By contrast, sales have slowed in the US in recent years, largely due to the decline in popularity of plug-in hybrids and the phasing out of federal tax credits on some of the most popular models. . About 64,300 plug-in hybrids were sold last year, about half as many as in 2018, according to the IEA. Meanwhile, about 231,000 all-electric vehicles were sold in 2020, down 3.2% from 2018. In each of the last three years, electric vehicles made up about 2% of the US new car market. The COVID-19 pandemic may have affected vehicle sales of all types in 2020, making comparisons difficult.

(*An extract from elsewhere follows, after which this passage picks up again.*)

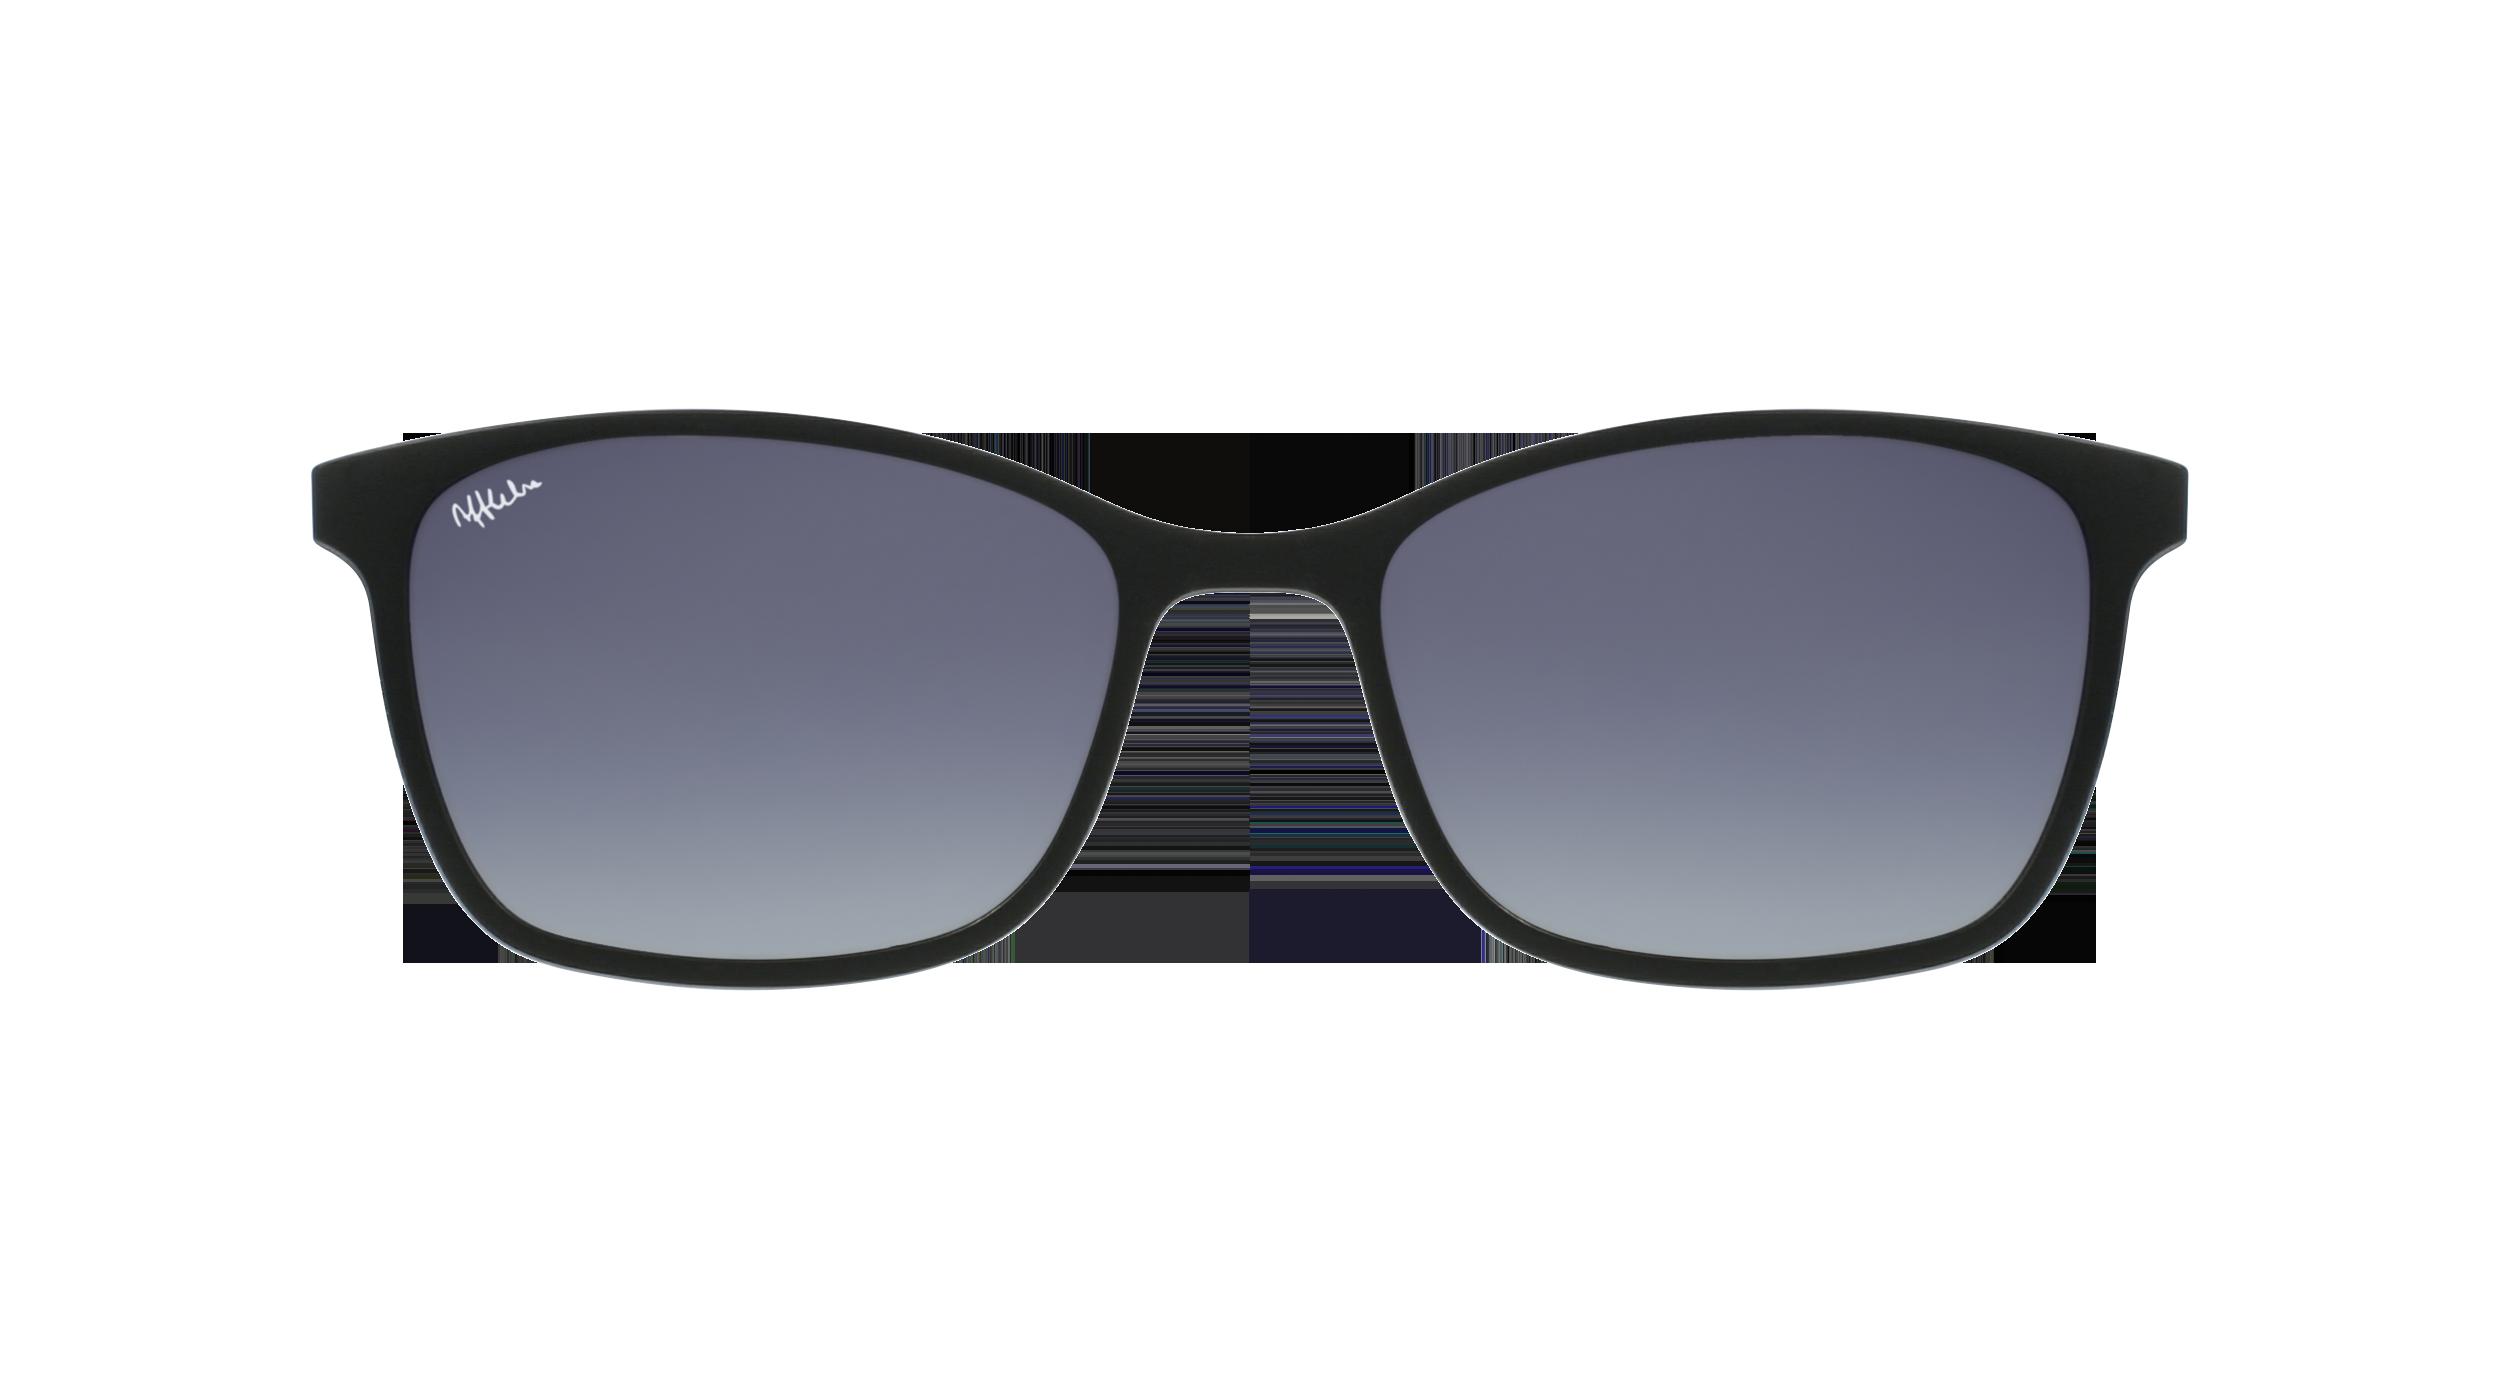 afflelou/france/products/smart_clip/clips_glasses/07630036459010.png

California has by far the highest proportion of electric vehicles of any US state, which is to be expected, given that the state has for decades required automakers to build electric vehicles and has used a number of rebates and other incentives to encourage Californians to buy them. As of 2018, the most recent year for which federal data is available, California had about 12 electric vehicle registrations per 1,000 people; the next highest state, Hawaii, had about six registrations per 1,000 people.
To support all those electric vehicles, California has also led the way in building networks of charging stations. Of the more than 42,000 publicly accessible charging stations in the US as of May 25, 2021 (containing more than 102,000 individual outlets) across the US, nearly a third (30.8% ) is located in California, according to analysis by the Department of Energy’s Pew Research Center. data. For comparison, there are an estimated 145,000 to 150,000 gasoline retailers in the US.

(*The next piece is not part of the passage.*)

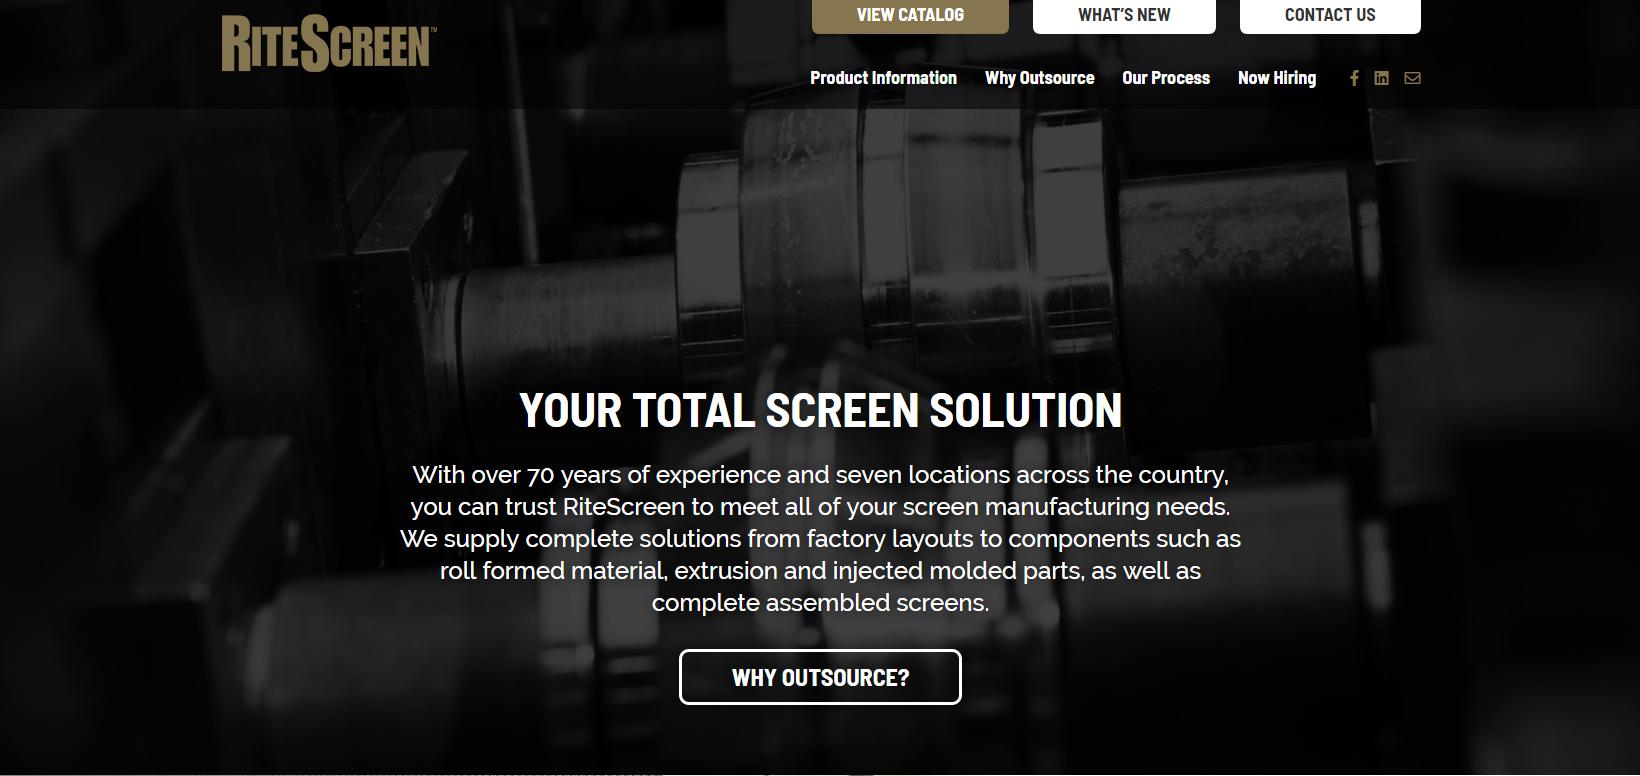 RiteScreen
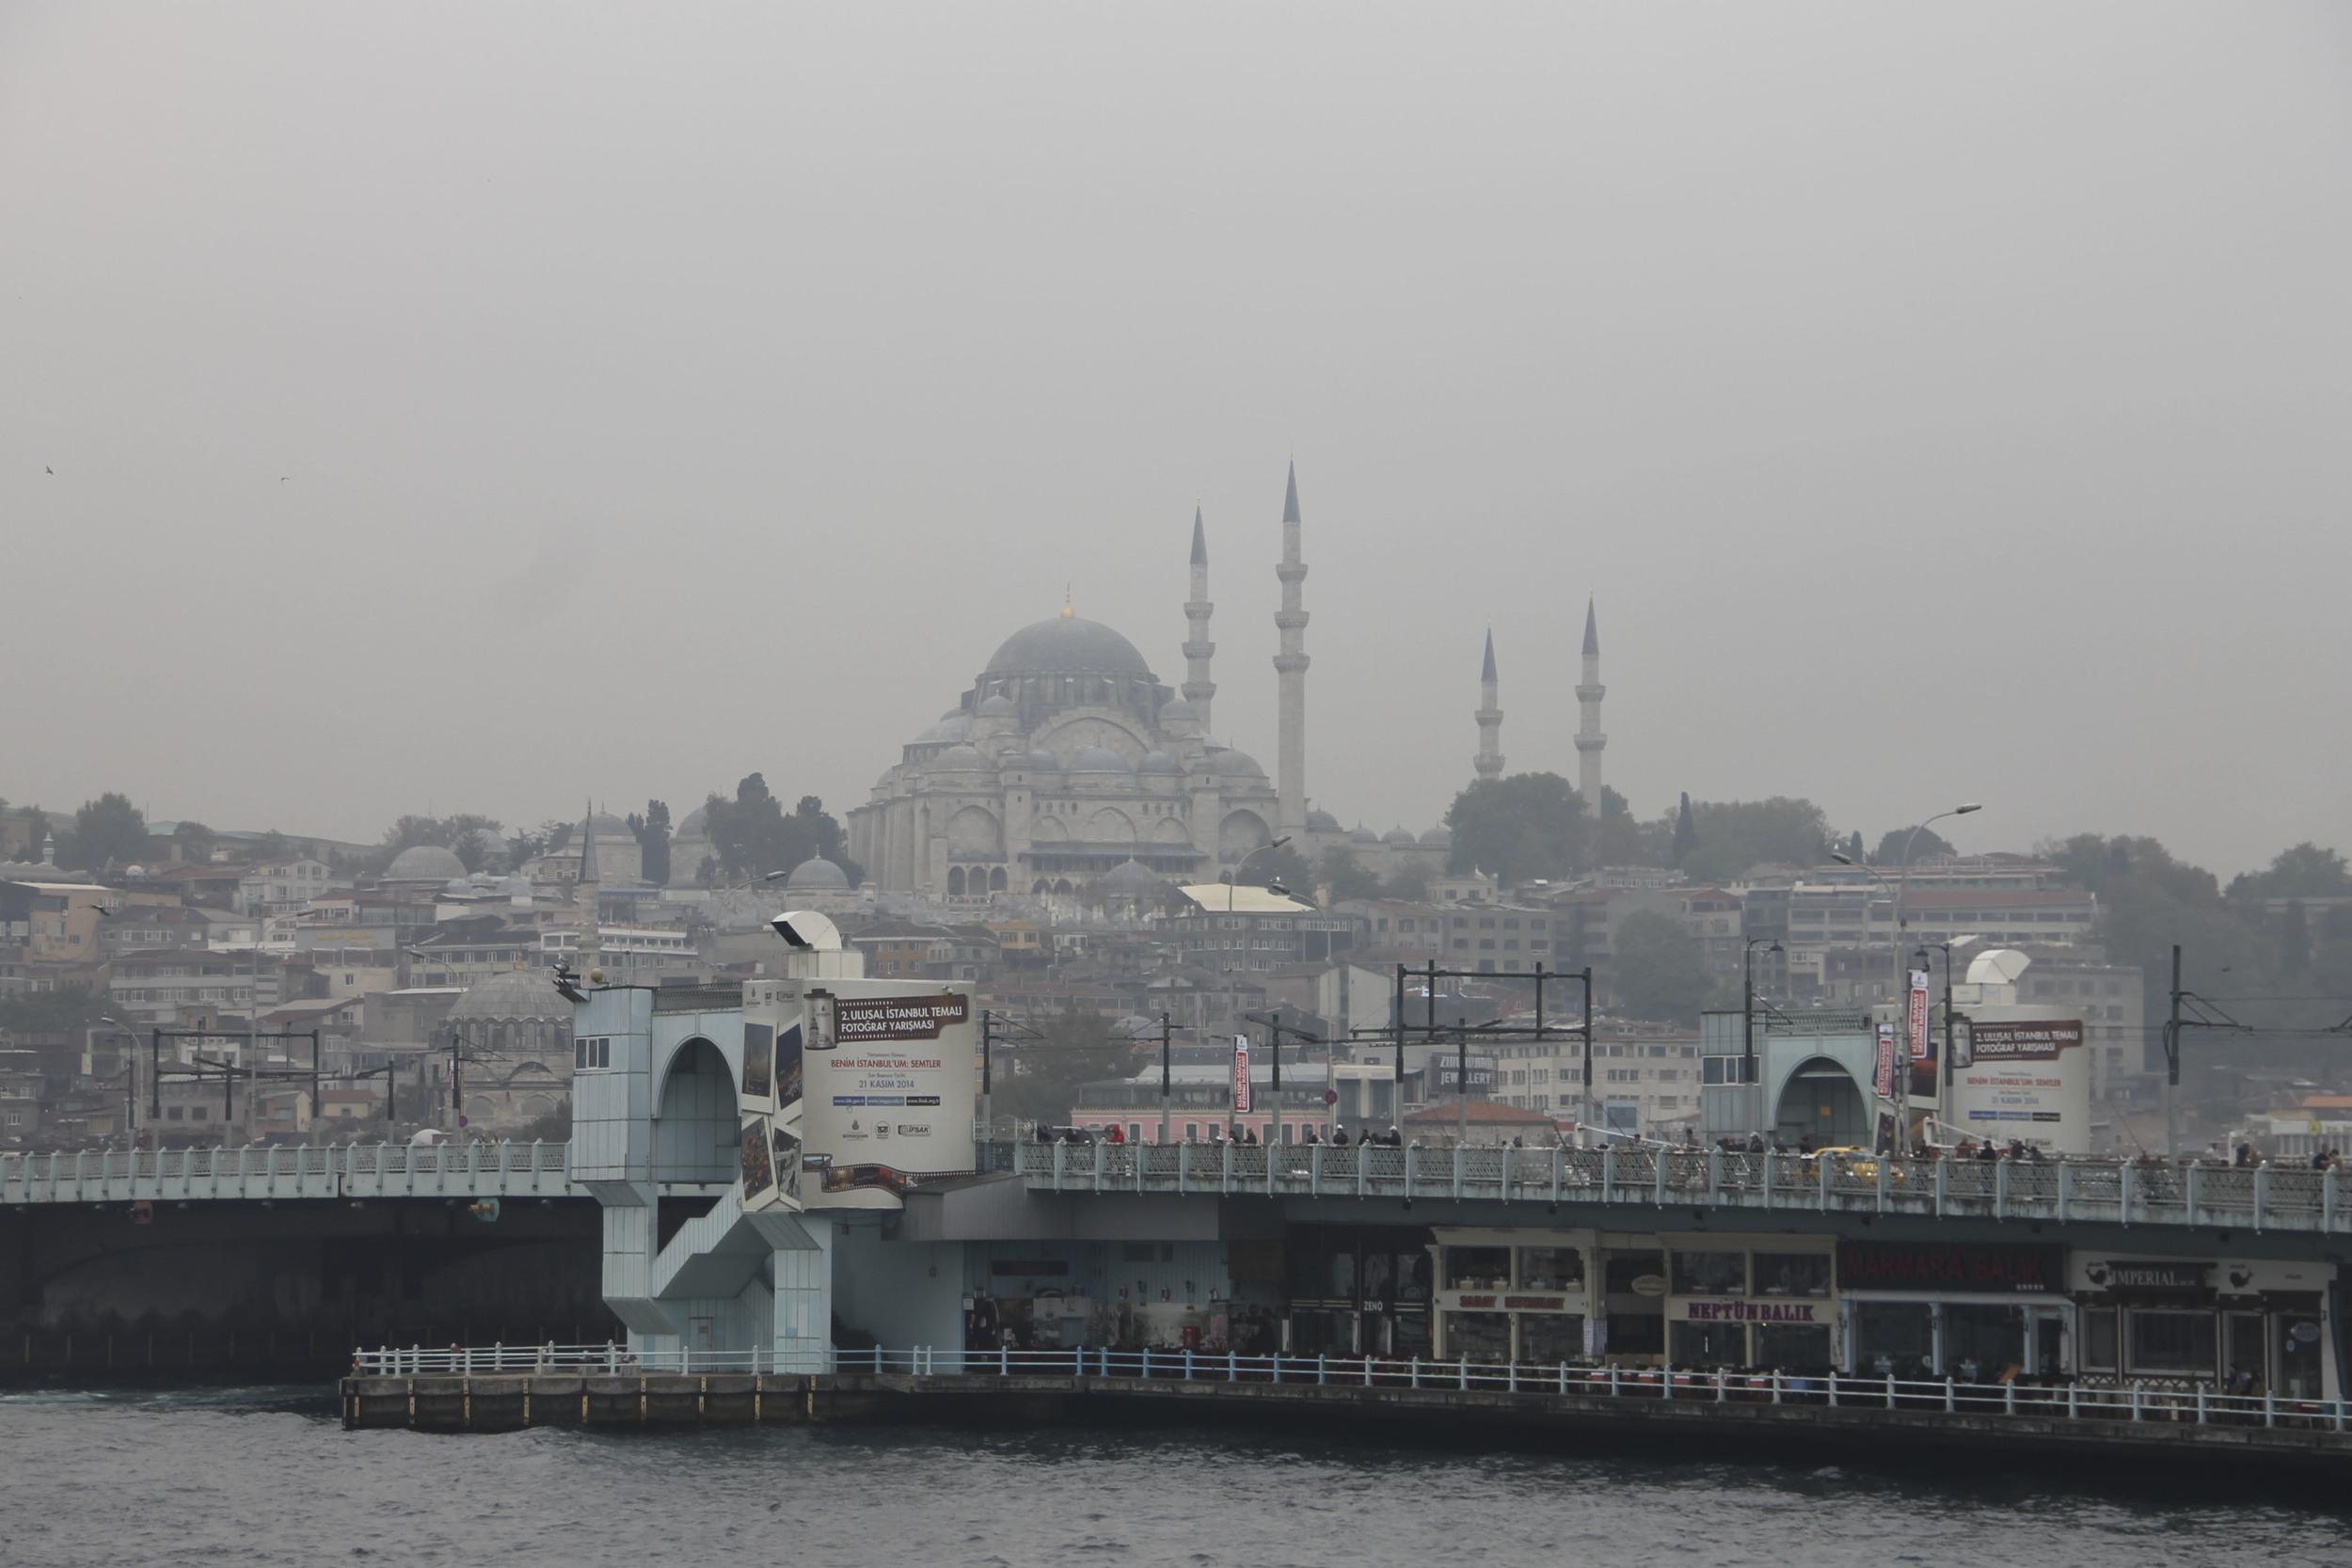 Istanbul, ygatonic on tour, Turkey yoga in istanbul2220.jpg

However, relative to the size of its vehicle fleet, Washington, DC may be the most convenient place in the US to drive an electric vehicle. The 237 charging stations in the federal district have a total of 630 outlets, or one for every 487 privately owned cars and trucks on DC roads. (Vermont and, yes, California rank second and third; the national average is one outlet for every 2,570 private and commercial cars and trucks.)
Nationwide, the number of publicly available charging stations has more than tripled since 2015, when there were fewer than 32,000 nationwide, according to IEA data. The agency projects that number will grow dramatically by the end of the decade, between 800,000 and 1.7 million, depending on the public policies that are adopted. (President Joe Biden’s infrastructure proposal includes a national network of 500,000 charging stations; in the Pew Research Center poll, 62% of Americans said they favored that plan.)
Electric cars weren’t always such a small percentage of the US market. More than a century ago, when the automobile business was still in the learner’s permit stage, electricity fiercely competed with steam and gasoline to be the new industry’s dominant power source. In 1900, in fact, more than a third of all cars made in the US were electric, according to a Census Bureau report from that time. (That’s right, it was 1,575 cars out of 4,192, but still.)
Within a couple of decades, however, several developments would lead to the dominance of the gasoline-powered internal combustion engine. Among them were the public desire for longer-range vehicles; electric starters that replace cumbersome and dangerous cranks; lower gasoline prices; and assembly line mass production. By 1935, electric vehicles had all but disappeared.